# What's going to Happen IF?



## SaddleTramp (Feb 15, 2007)

Went on holiday 20th June this year and spent about 5 weeks touring France and then across to Italy then Ferry across to Greece, Best Holiday ever.

Got to Greece and started chilling out, but noticed the start of what I would call "a Chest problem" wheezing and coughing and not able to walk long distances as I soon got out of breath and kept getting a pain in top right of my chest, This was around Mid August time, it kept on and was slowly getting a bit worse over the next few weeks.

Anyway got back to UK and been busy as my son has had two eye operations and I have been running him backwards and forwards to Ashtead for checks etc, so I booked an appointment with doctors and it was this morning.

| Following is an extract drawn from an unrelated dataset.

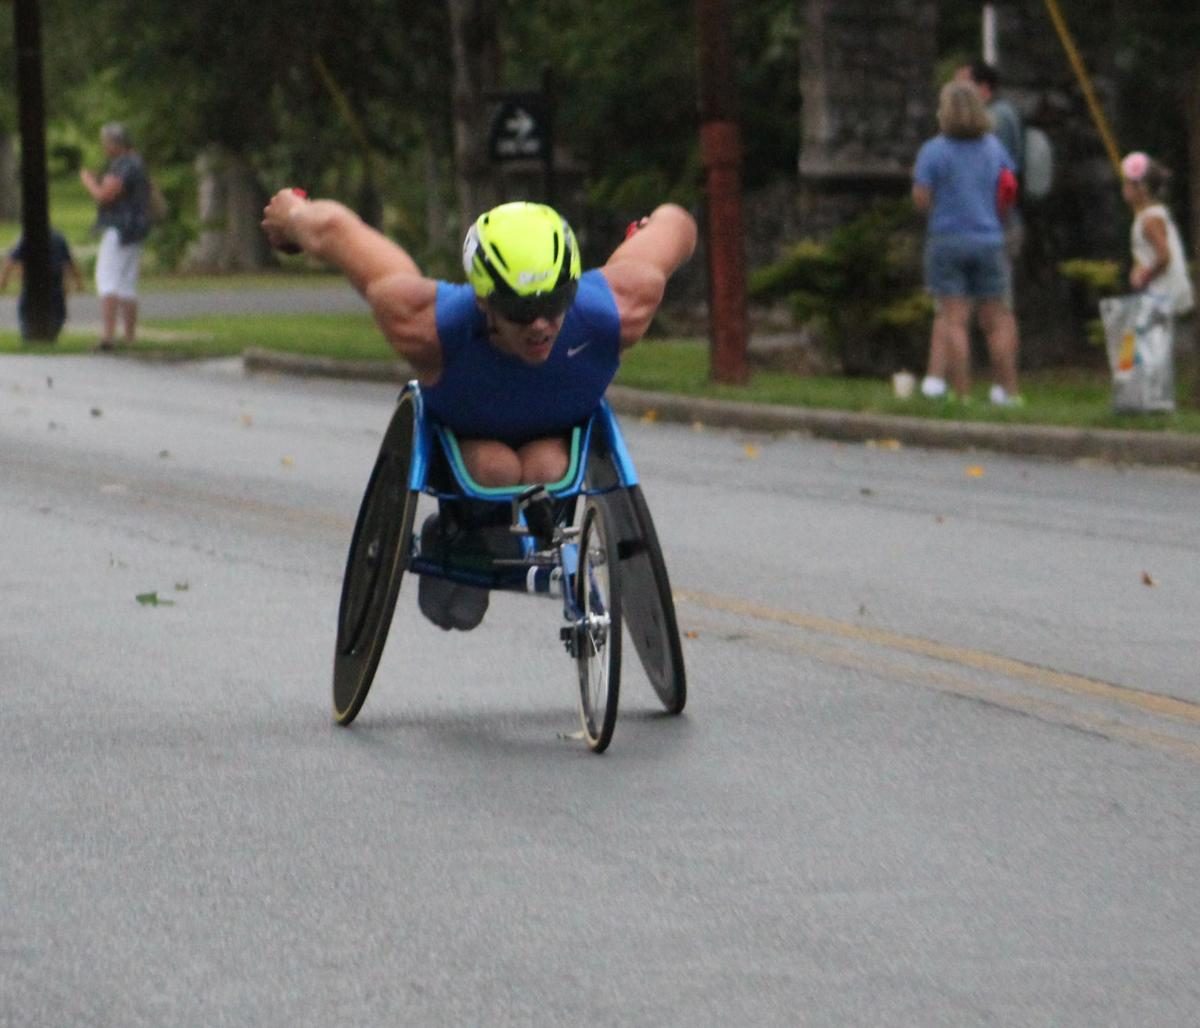 2017 Cedartown International Wheelchair 5K Road Race
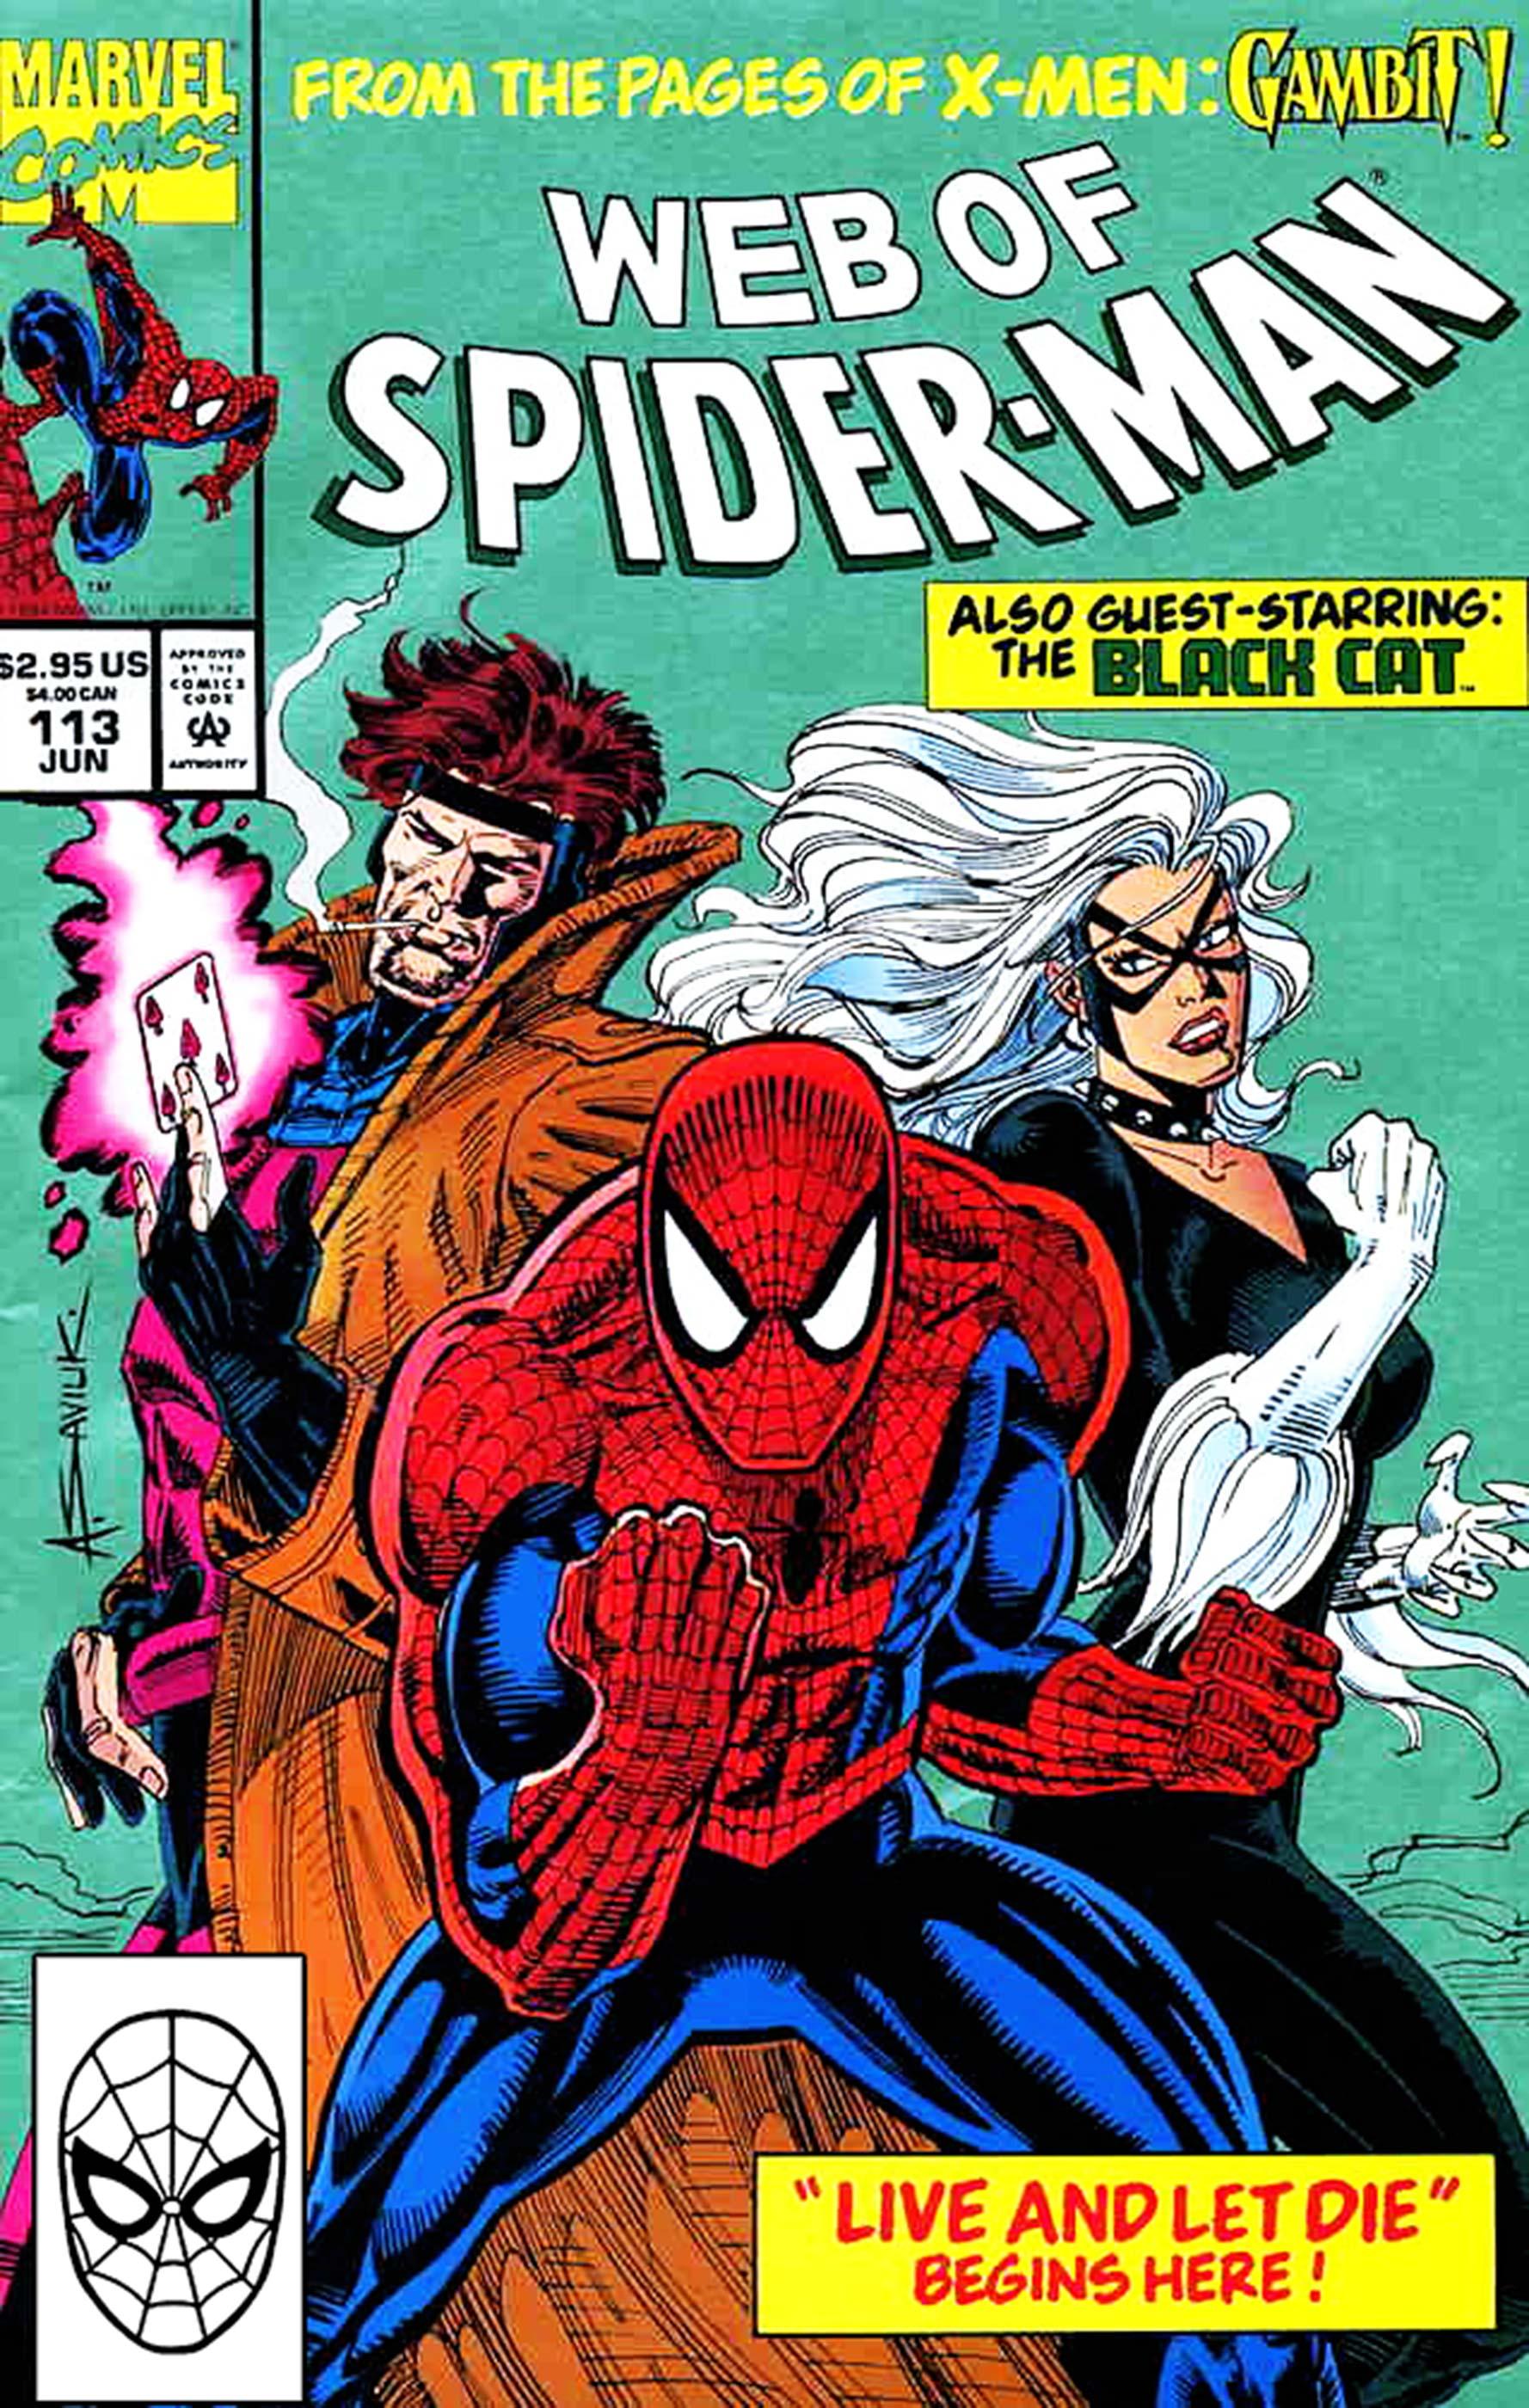 Web of Spider-Man (1985) #113

Well he thinks I am starting with Angina and has given me a real rolloking for not going sooner, today I have been extremely busy booking in checks and x rays and He says I have to go on some sort of machine whilst I am linked up to Heart monitors to either confirm it is Angina or not, I know it is early doors and I may be worrying for nothing BUT what happens if it is Angina, Will I still be able to drive or does my life as I know it end ?.

He has given me a spray that I have to use under my tongue when these pains start again and he has told me that I will get side effects I can't remember what they all were but he ended on saying it would end with bad headaches, I really don't need this.


----------



## DABurleigh (May 9, 2005)

Les,

Sorry to hear of your troubles.

Angina is very common. If you want to know more, read this:
http://en.wikipedia.org/wiki/Angina_pectoris

But be guided by your GP.

Dave


----------



## Briarose (Oct 9, 2007)

Hi Les I am really sorry to hear this, I can't give any advice on angina etc, but I want you to know that I am thinking of you and hope that all be well for you.

Nette xxx


----------



## karlb (Feb 22, 2009)

car licence appears ok here


----------



## GEMMY (Jun 19, 2006)

Been through it all starting Oct 97 (angina)to a quad bypass in March 99 if you are at all concerned pm me and you can have my telephone no. 

All the best tony


----------



## tattytony (Jun 29, 2009)

Les your driving licence will be ok but you must inform DVLA Medical as I did, I suffer with chronic angina and use my gtn most days but manage ok  

I hope you get it sorted soon


----------



## bigfrank3 (Mar 26, 2007)

Hi Les, this happened to me about nine years ago, I had just arrived on holiday an all inclusive one in Benidorm when I had chest pains which were diagnosed as angina. Needless to sey this ruined our holiday.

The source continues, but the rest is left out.